THE DATA.
--- START ---
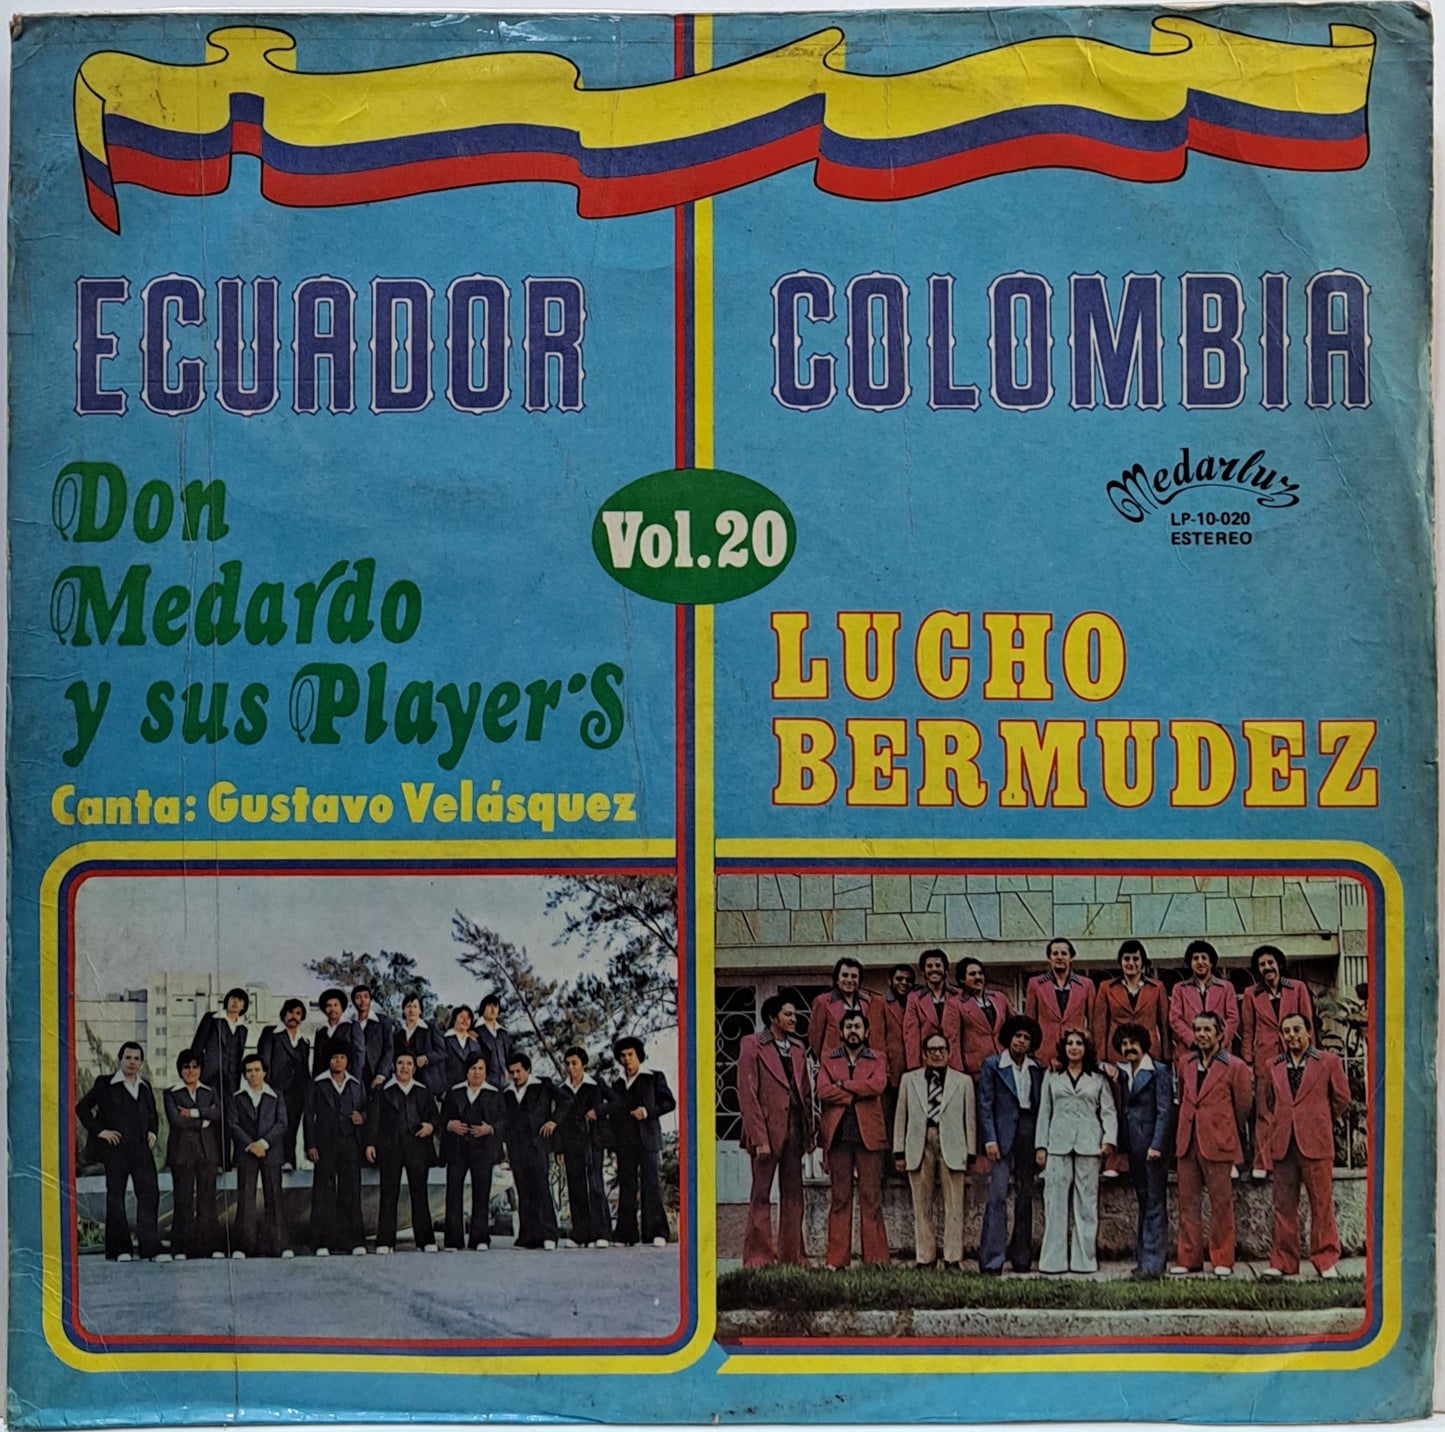 DON MEDARDO Y SUS PLAYERS - ECUADOR COLOMBIA LP
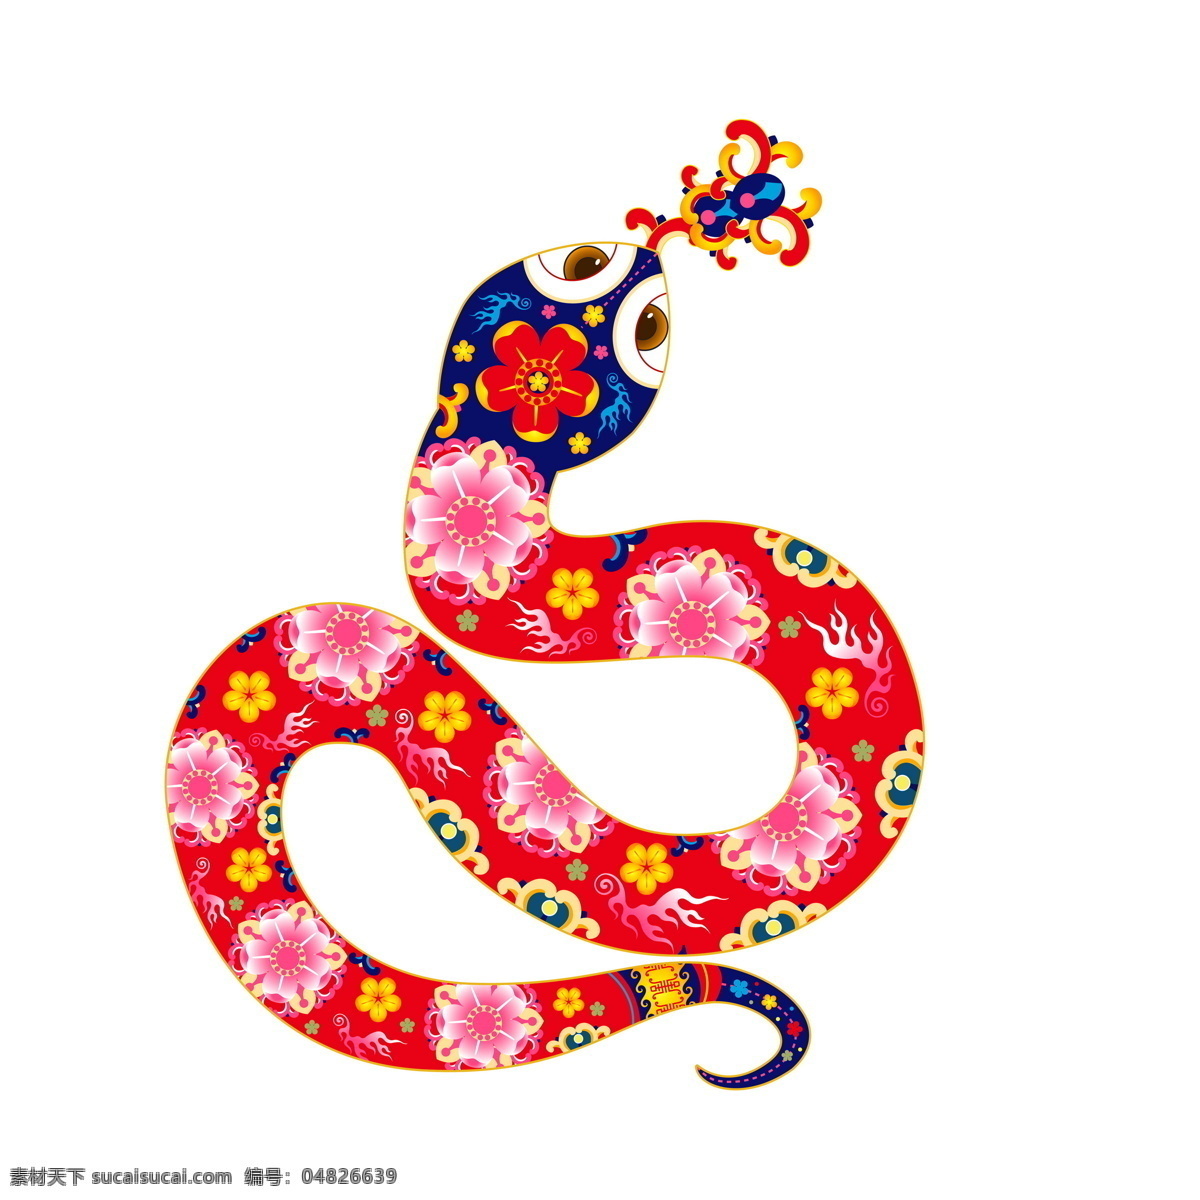 红色 蛇 设计素材 卡通蛇 蛇年 蛇年素材 2013 新年素材 广告海报素材 宣传促销 节日庆典 生活百科
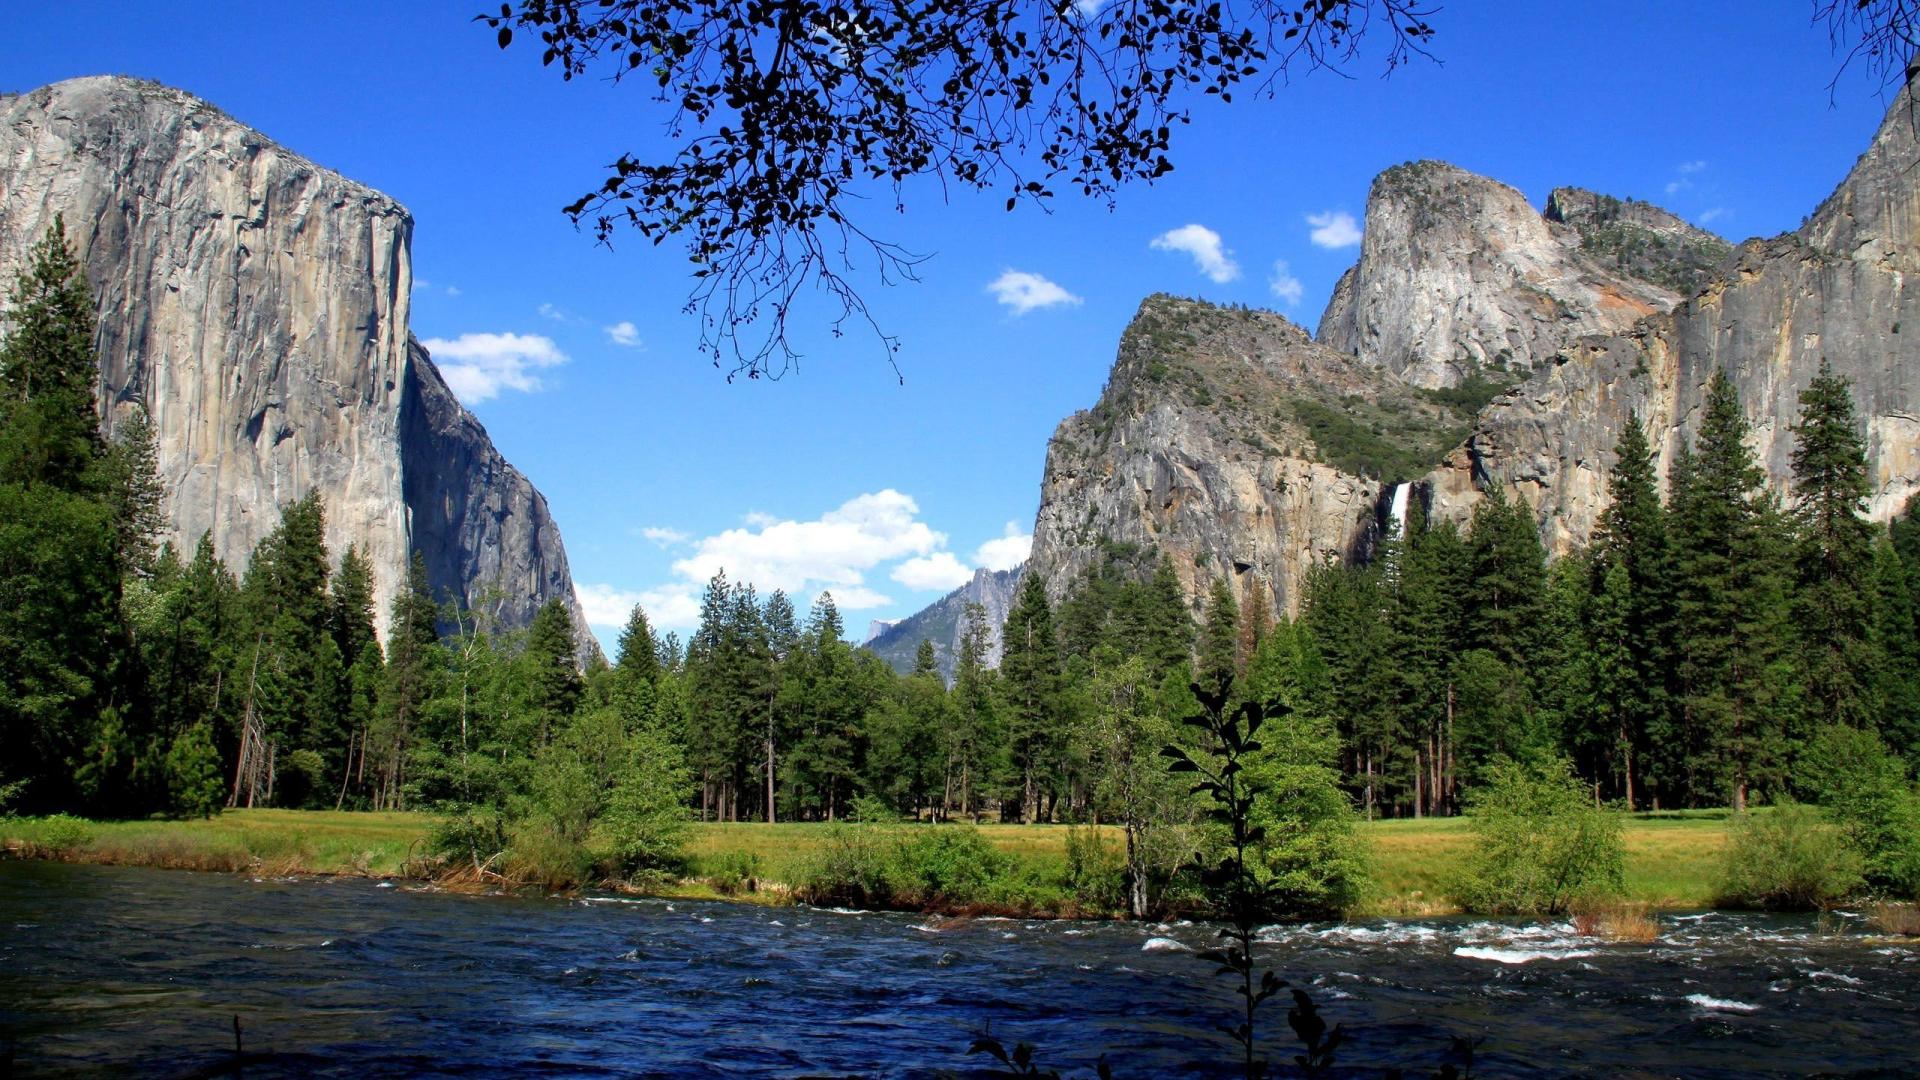 Mac Os X Yosemite 10.11 Download
--- END ---
PROBLEM REQUIREMENTS. Extract every line of the data exactly; pictures stay out.

ANSWER FOR THIS EXERCISE.
 DON MEDARDO Y SUS PLAYERS - ECUADOR COLOMBIA LP
 红色 蛇 设计素材 卡通蛇 蛇年 蛇年素材 2013 新年素材 广告海报素材 宣传促销 节日庆典 生活百科
 Mac Os X Yosemite 10.11 Download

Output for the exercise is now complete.